Saturday, November 5, 2011
I'LL JOIN YOU TOMORROW...
I recently received an invitation (finally, something different on the ward listserve!) to join an Occupy DC march to the Convention Center last night to protest the Republican gathering there. I was tempted...I'll admit that it's mostly because I just have this really strong desire to join some kind of movement (and I kind of like this one to some degree). Maybe it's so that in the future I can say "Yeah, I was there." Instead, I will probably be saying, "Yeah, I knew people who were there but I had to study, was lazy, didn't want to pay the metro fare to get there...etc." So lame, but that's the way it is. Plus, it's getting cold here.
Anyway, I feel like this article is a sign that I was right not to go yesterday. Maybe I'll make it to the next event. Maybe. If it fits into my class schedule.
Thursday, November 3, 2011
WAY TO GO MALAYSIA!
I was wasting time before getting back to finishing my class assignment today and came across this BBC headline:
All I could think was - thank goodness! Then, while reading the article I came across the, apparently, universal solution to domestic violence (heavy sarcasm here):
"The club (who published the book) has previously said women should act like "first-class
prostitutes" to prevent their husbands from having affairs or resorting
to violence."
Oh. Well, then. If that's all it takes to eradicate infidelity and domestic violence...(again, heavy sarcasm).
Monday, October 24, 2011
APPARENTLY PROVIDENT LIVING MEANS HAVING A GUN
So, during church yesterday I noticed a link in the program to a specific website that shall not be documented here that is supposed to be about provident living. As that is my new calling, I determined to check it out for helpful resources. What did I find?

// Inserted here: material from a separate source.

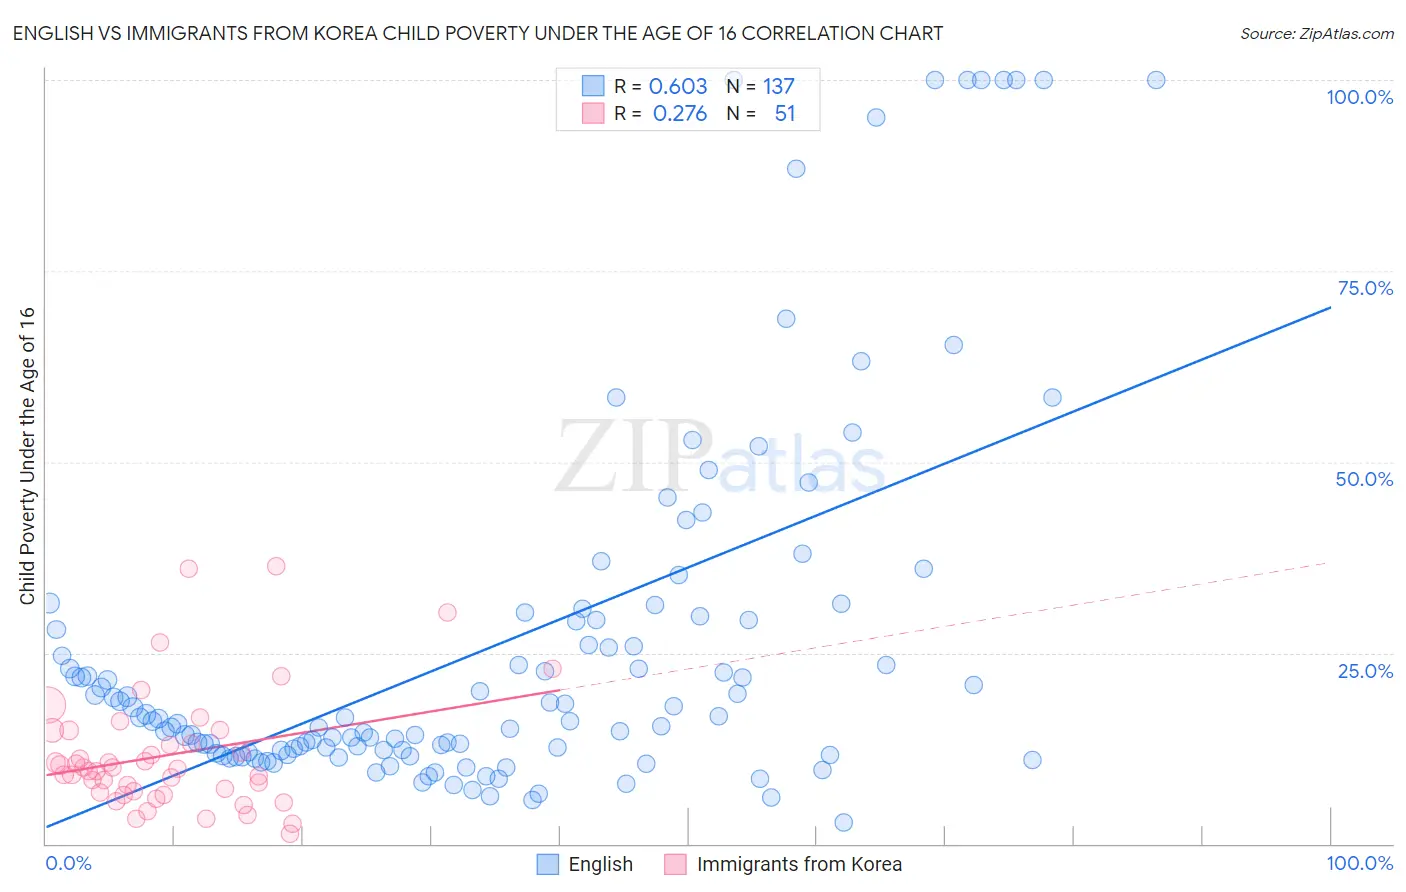 English vs Immigrants from Korea Child Poverty Under the Age of 16

Not a list for easy-to-pack 72-hour kits, that's for sure. Instead, I found personal posts about gun-control being bad mixed with emergency preparedness quotes from prophets. What the...? I won't go into detail, but was definitely happy when my RS President gave me the links that I needed to look at for my calling and this was not one of them. Sheesh.
Saturday, October 22, 2011
ALL ABOUT THE FOOD
So, my friend Erin just left this morning after a week-long visit (she was here for business and extended a bit to do some site-seeing) and now I have a little bit of time before I have to go to my ALL-DAY-LONG Saturday class (seriously, it's from 11-5:30 - who does that?), so I decided to give a quick update. I'll post about some of the other things, but just wanted to let you know about one of the greatest places to eat lunch if you are on the Mall. The National Museum of the American Indian. Yup, you heard me. They have a great cafeteria where you can get Native American food from various regions of the Americas. Even gluten-free! It was delicious. I got this great masa cake with black beans, peppers, and some kind of cheese sauce all over it. SOOOOOOOOO good. Erin got some kind of lobster cakes (bleh) that she said was good and some fry bread with a blueberry syrup. If you are in town, you should definitely make your way there!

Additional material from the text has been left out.